Early morning spring sunshine spreads a golden glow over the trees in my backyard, shining on the grass, calling on the colours to appear more vibrantly than yesterday. The birds interacting and visiting cheerily, energetically, a contrast to the sleepy quiet of the houses. Buildings dark and closed while the yard and street and lake and town bathe in light.
I woke up too early this morning at 5:00 am. It’s now 6:30 am. Tired from a busy week I need more sleep, but I can’t resist the magic of an early morning. I can’t resist the space and time to write, the opportunity to indulge in words for no reason other than they bring me joy. I can’t resist the possibility of insight, a reward for showing up to a page with no expectations.
Over the last couple months my writing practice has been more intentional and consistent. Early mornings most days. Ten minutes or two hours. I feel like a writer again.
Writing is my morning sunshine. Happiness sparked by frequency, not duration. Benefits from even just a short burst of sunshine each day.
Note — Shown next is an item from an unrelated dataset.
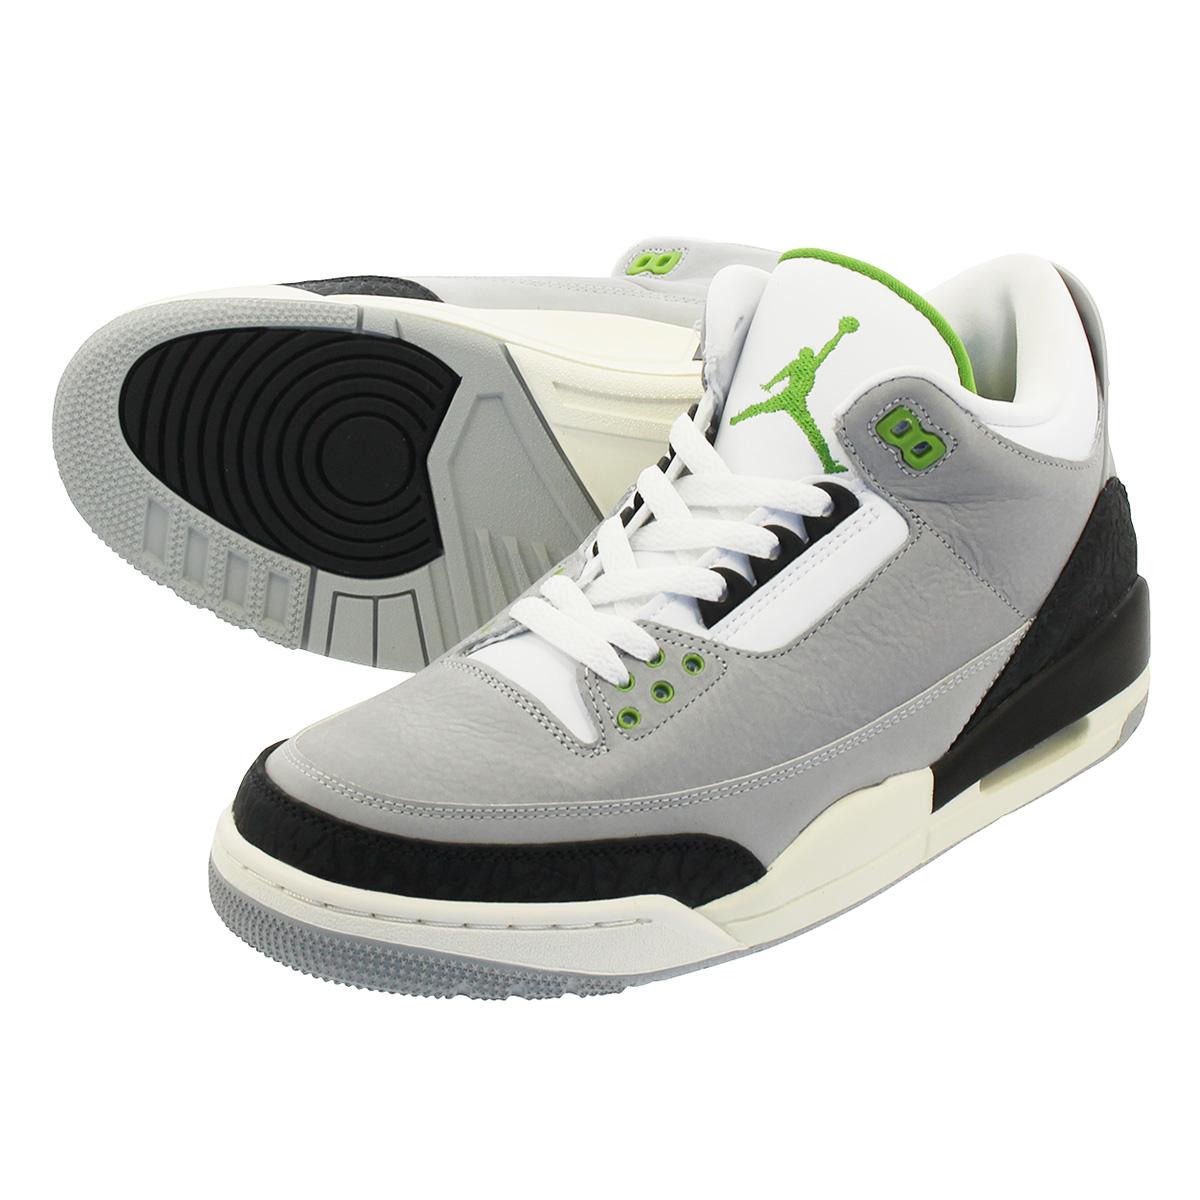 NIKE AIR JORDAN 3 RETRO Nike Air Jordan 3 nostalgic LIGHT SMOKE  GREY CHLOROPHYLL BLACK WHITE 136 a06e25370b5
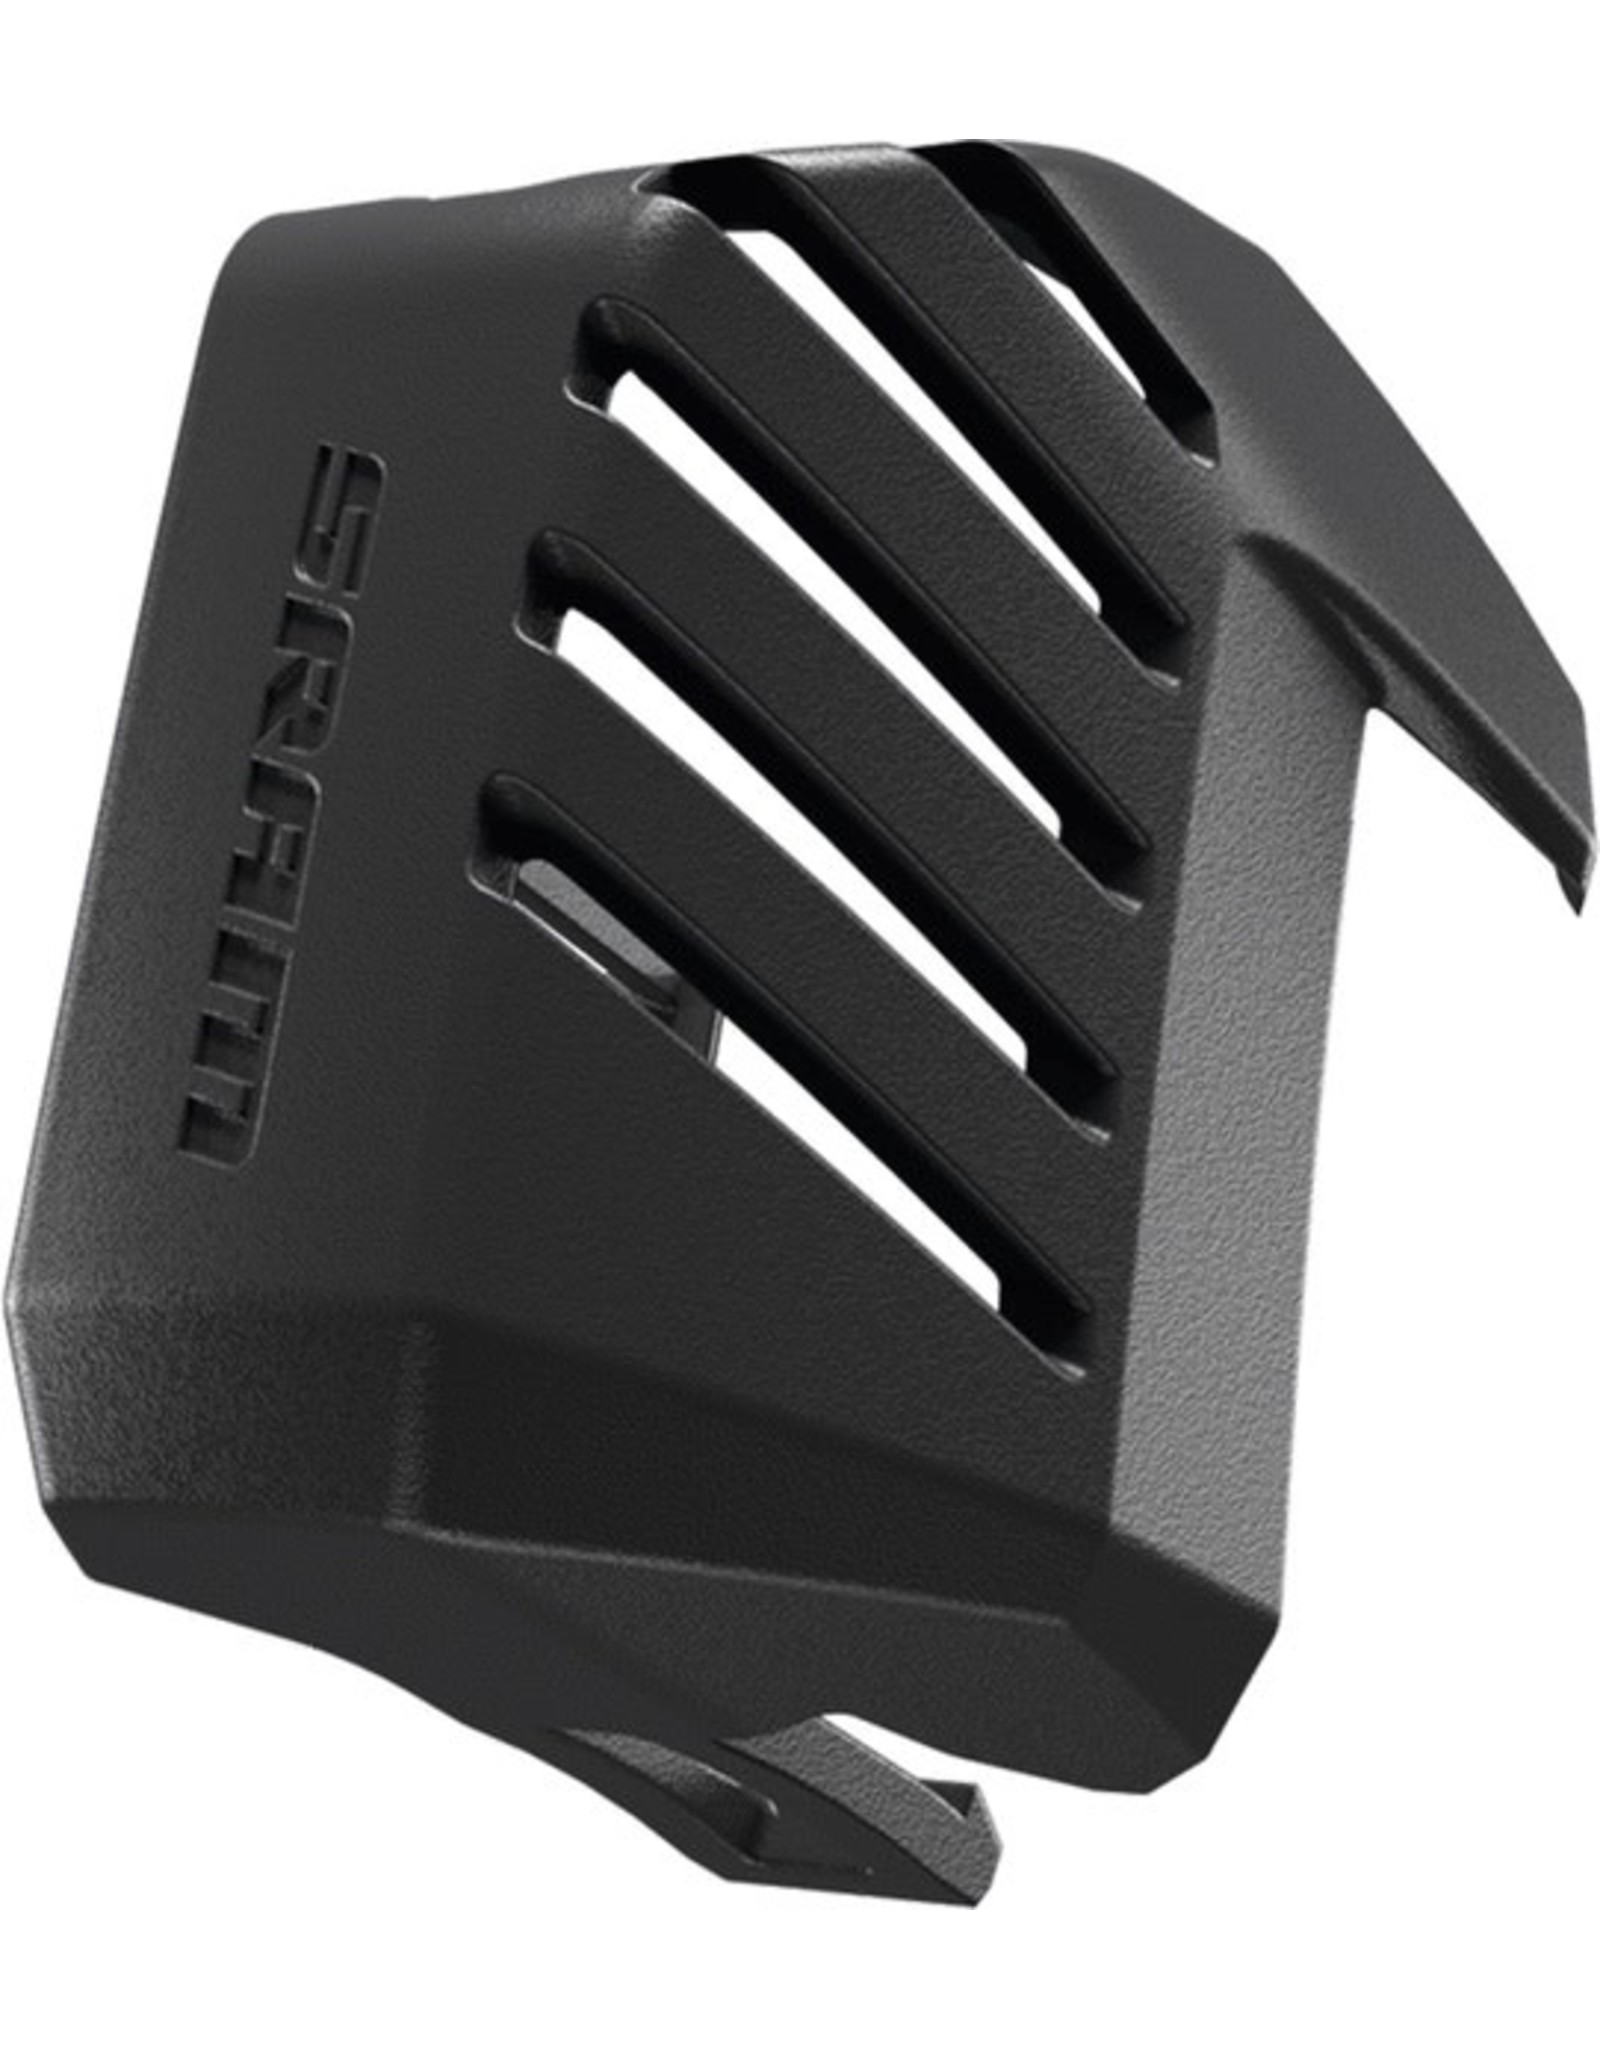 SRAM SRAM, Eagle AXS, Rear Derailleur Battery Cover

I’m learning that when days are too full and distractions are too many, writing is a necessity not a luxury. Daily writing practice grounds, connects, and uplifts. It slows the frenetic pace of thinking about too many things at once. Attention narrows, breathing slows, body relaxes, and the moment, each word as it appears on the page, like a breath, is all I need.
For creatives, the time to create must be protected. Pushing through the urge to leave it behind for things that seem more pressing, I battle the guilt like it’s a Jabberwock and so far I’m winning.
Time often causes tension for those of us who write in stolen moments. Deep cravings for long stretches to dream and create. Regret for the quick passing of time while we sink into our novels and poems and plays. A blink and then it’s time for work and family and chores again.
And yet I’m grateful that each morning, I bathe in sunlight. Soak in words. Write the now. Delight in the morning sunshine, even for just a moment.